(Beginning of Material provided)

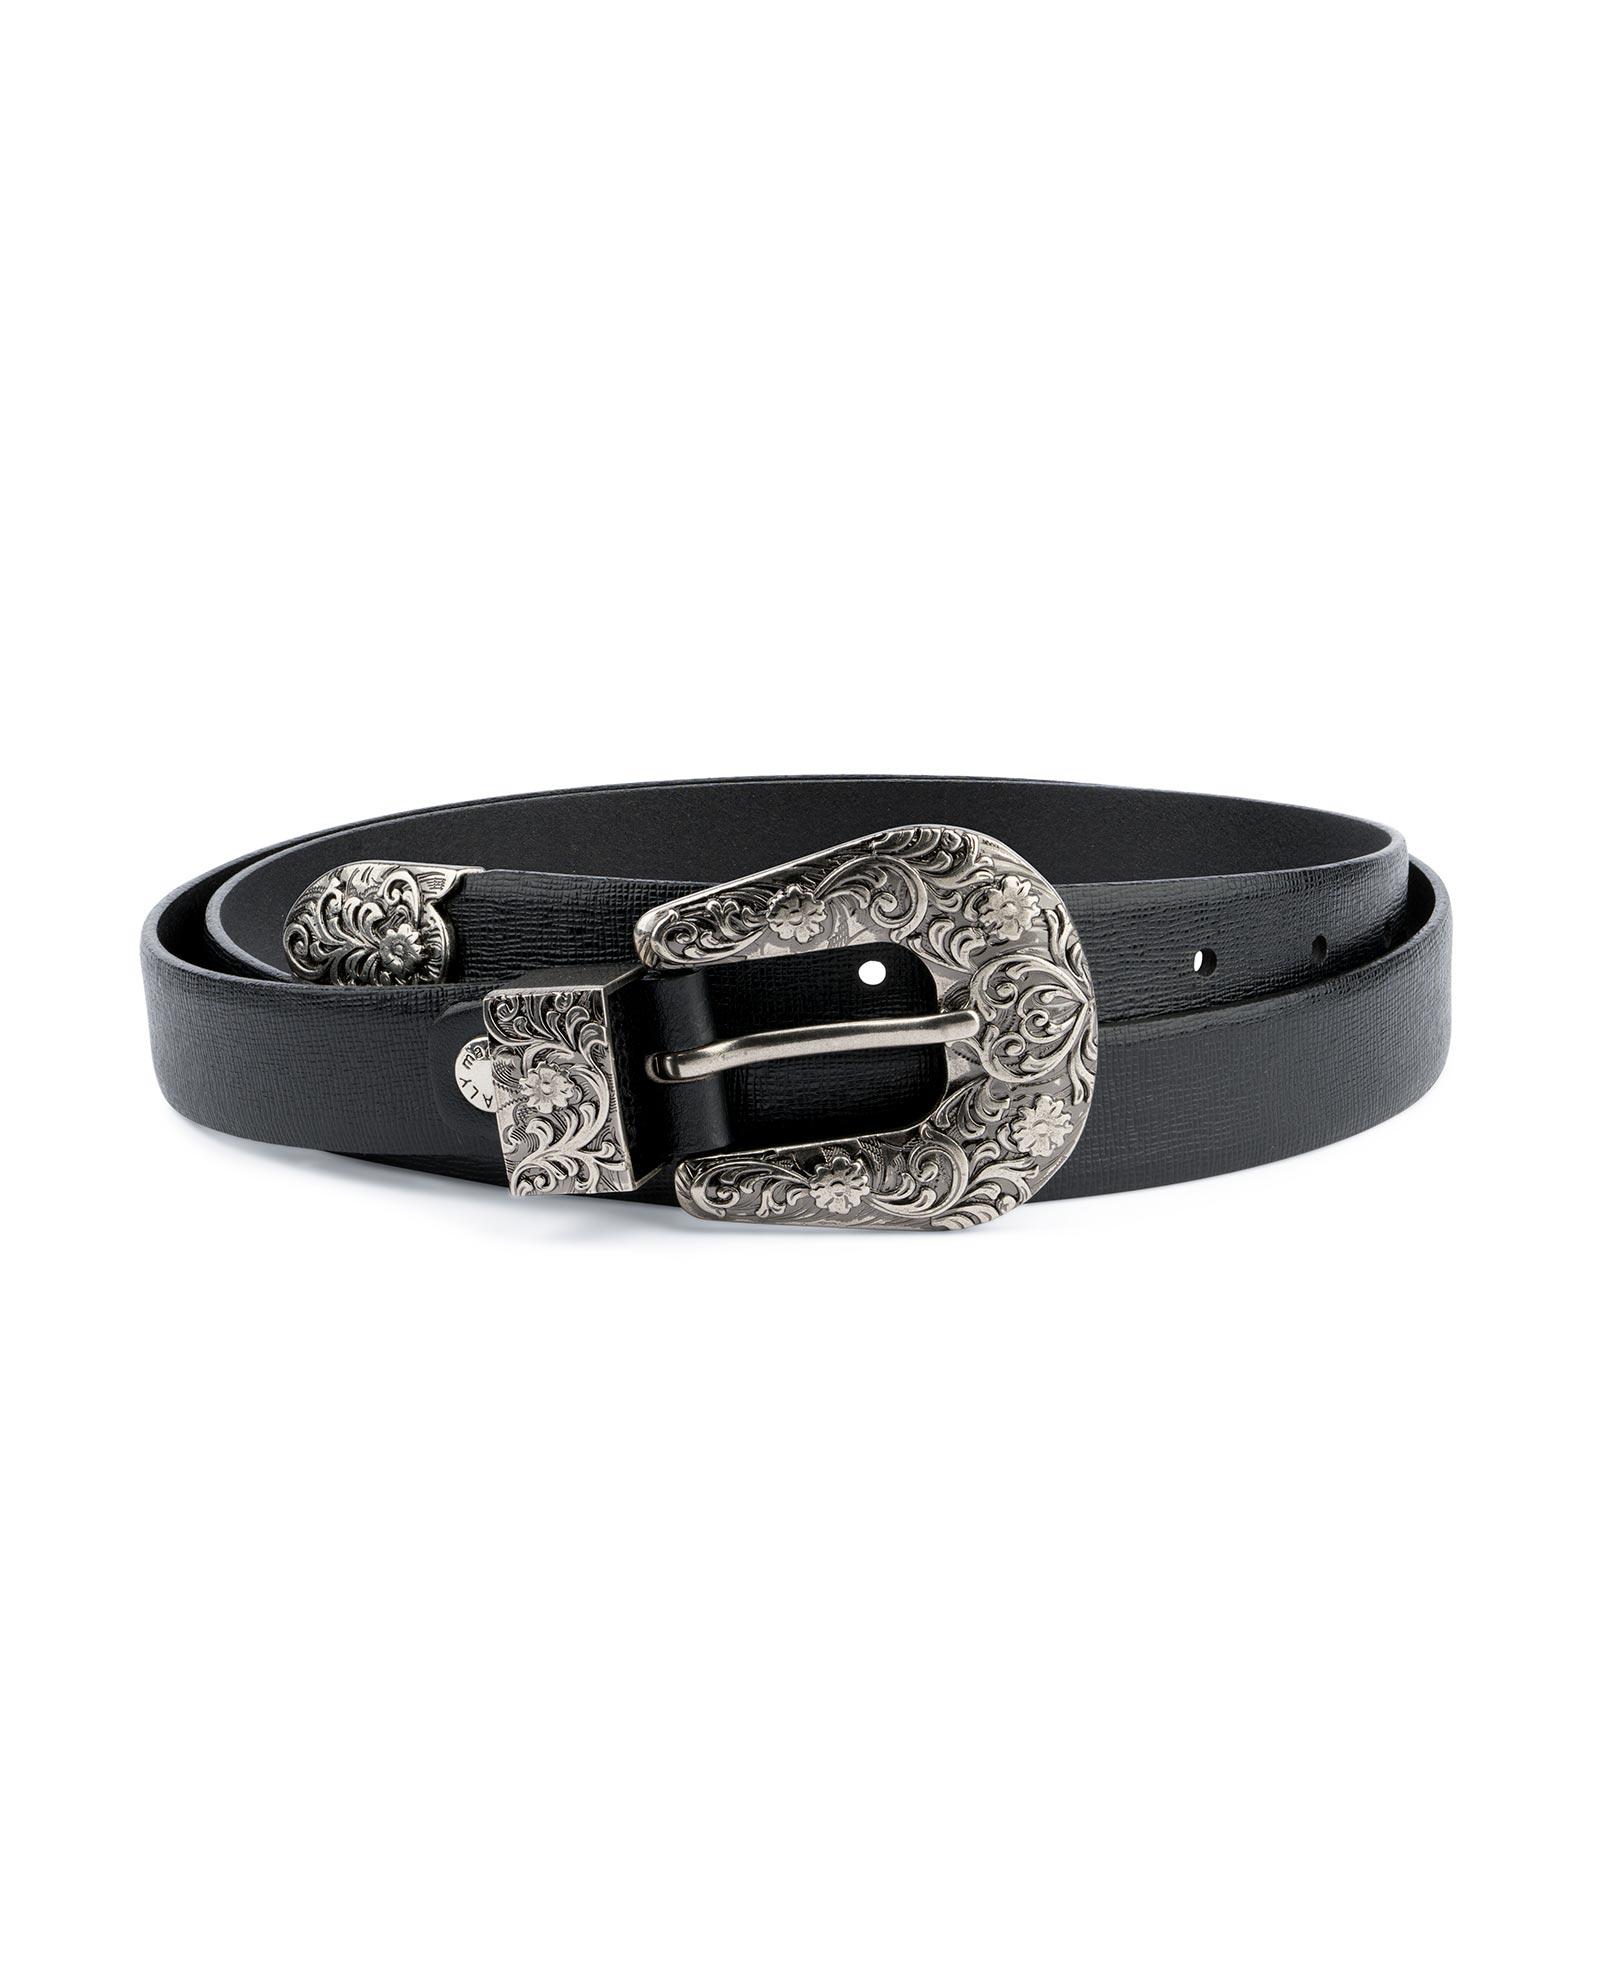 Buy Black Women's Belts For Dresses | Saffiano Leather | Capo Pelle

(End of Material provided)
(Beginning of Material provided)

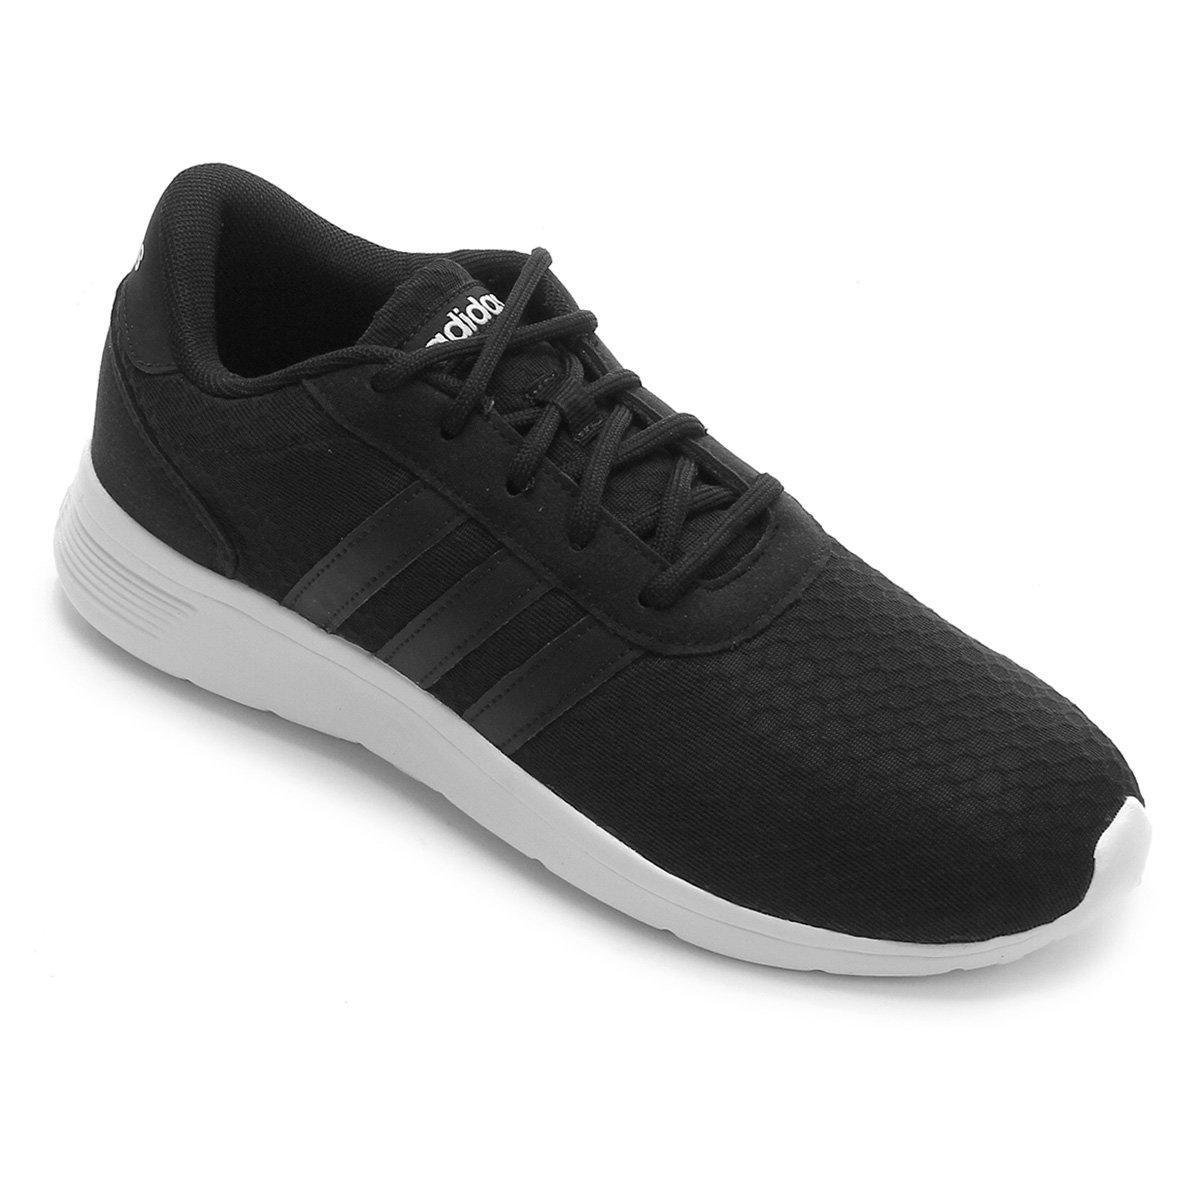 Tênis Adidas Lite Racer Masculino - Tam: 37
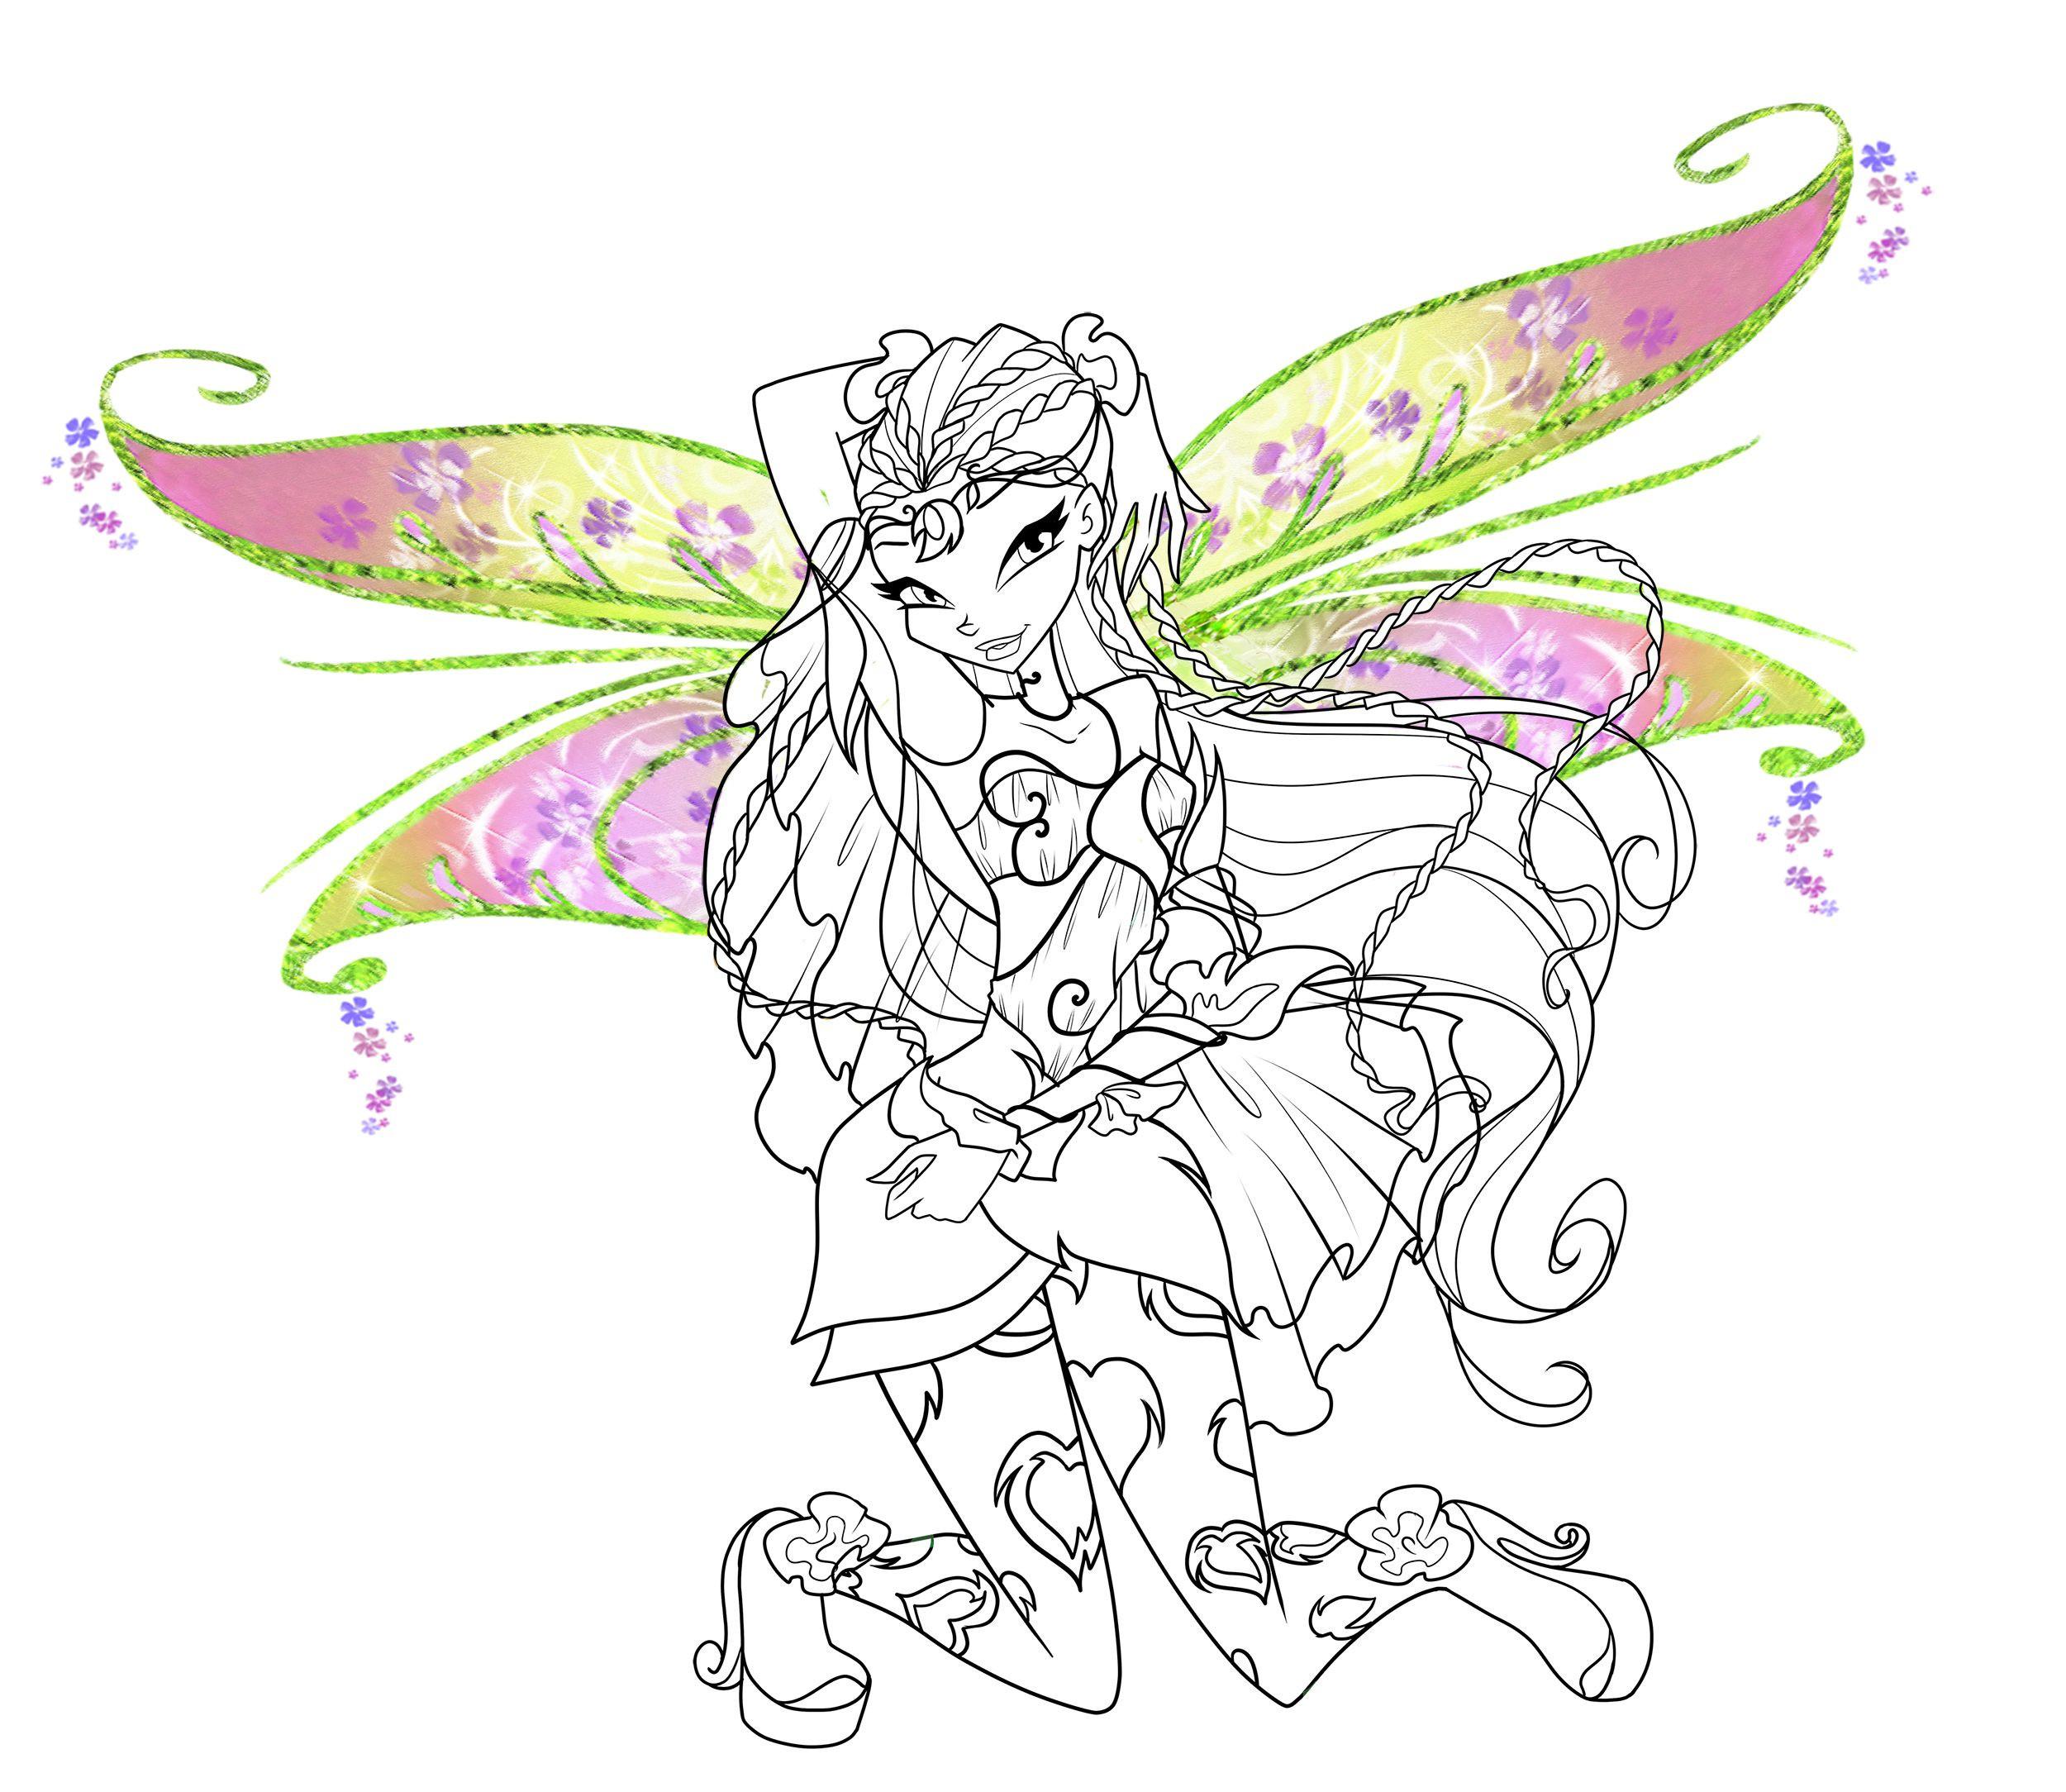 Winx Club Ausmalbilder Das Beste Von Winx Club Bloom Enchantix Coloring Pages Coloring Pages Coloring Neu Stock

(End of Material provided)

Problem details - In the listing above, find the line containing "Tênis Adidas Lite Racer Masculino - Tam: 37" and the line containing "Winx Club Ausmalbilder". Print those two lines and every line between them exactly, with no pictures.

Answer space -
 Tênis Adidas Lite Racer Masculino - Tam: 37
 Winx Club Ausmalbilder Das Beste Von Winx Club Bloom Enchantix Coloring Pages Coloring Pages Coloring Neu Stock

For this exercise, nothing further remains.